- **GIVEN DATA**:
******

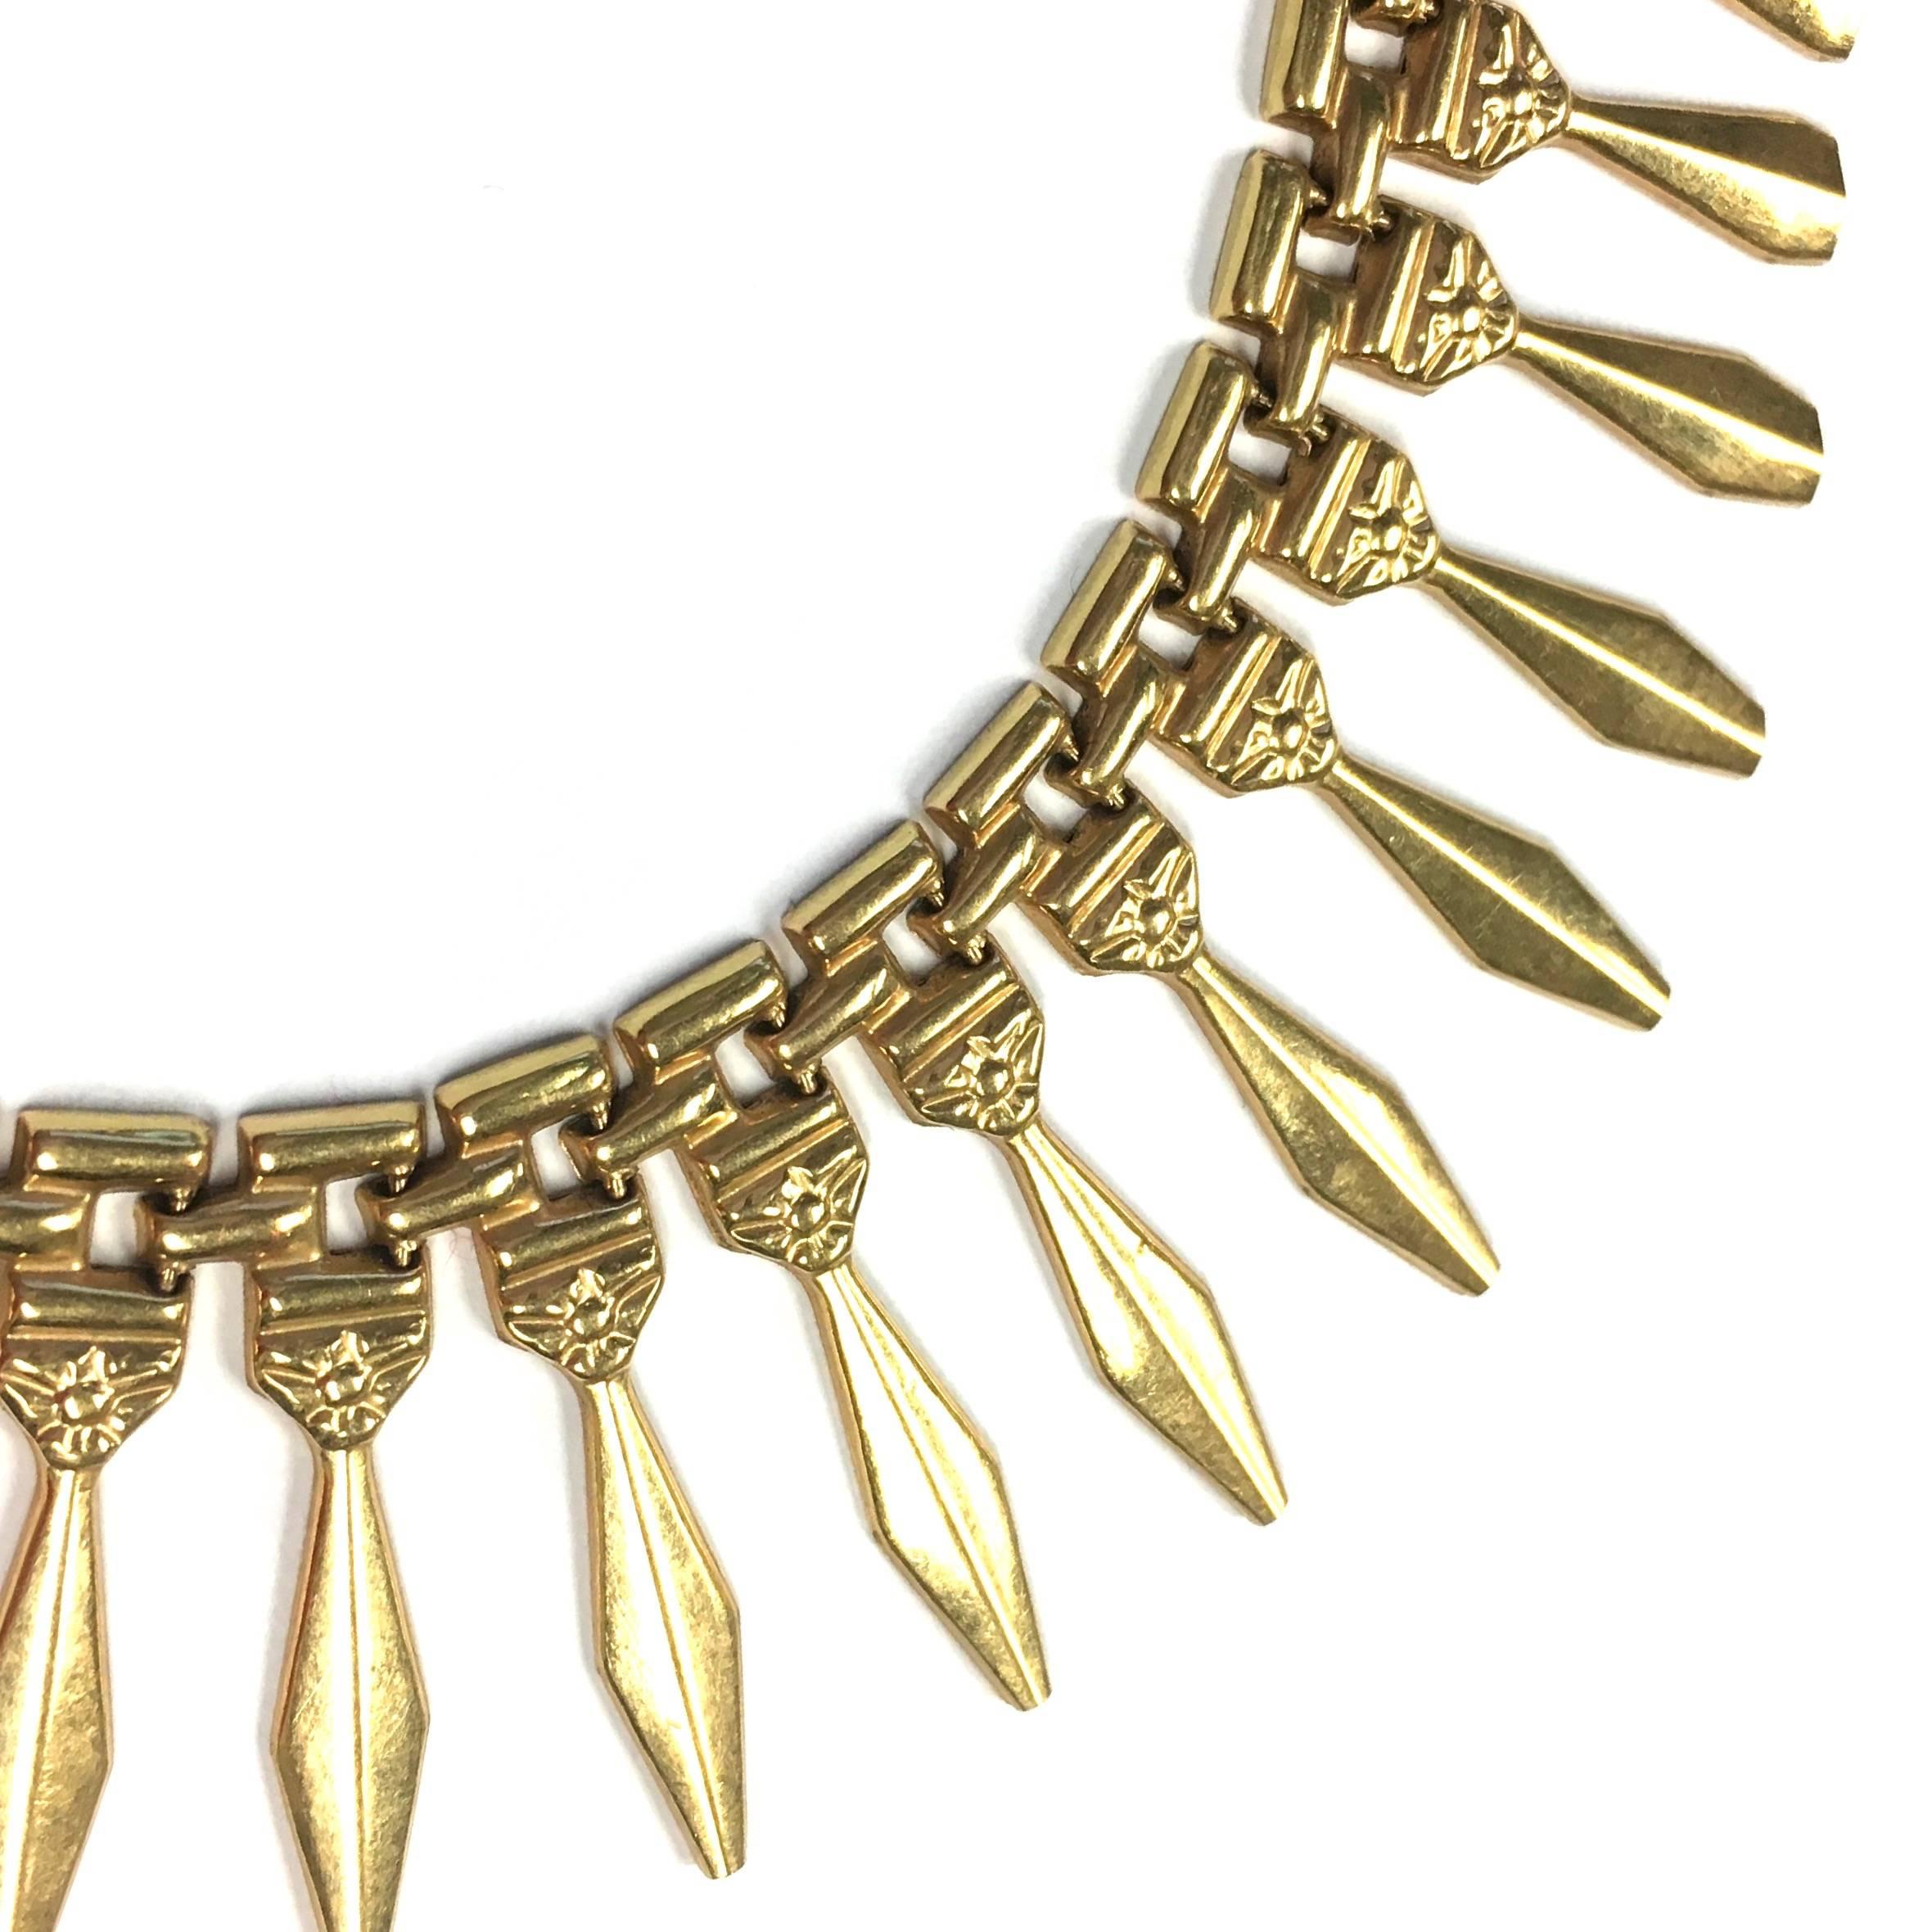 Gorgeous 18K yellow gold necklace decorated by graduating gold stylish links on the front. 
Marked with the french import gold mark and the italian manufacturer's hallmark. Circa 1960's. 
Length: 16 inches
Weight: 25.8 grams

******

- **PROBLEM**: Copy out every line of the data above, taking care to leave the pictures out.

- **ANSWER SPACE**:
 Gorgeous 18K yellow gold necklace decorated by graduating gold stylish links on the front. 
Marked with the french import gold mark and the italian manufacturer's hallmark. Circa 1960's. 
Length: 16 inches
Weight: 25.8 grams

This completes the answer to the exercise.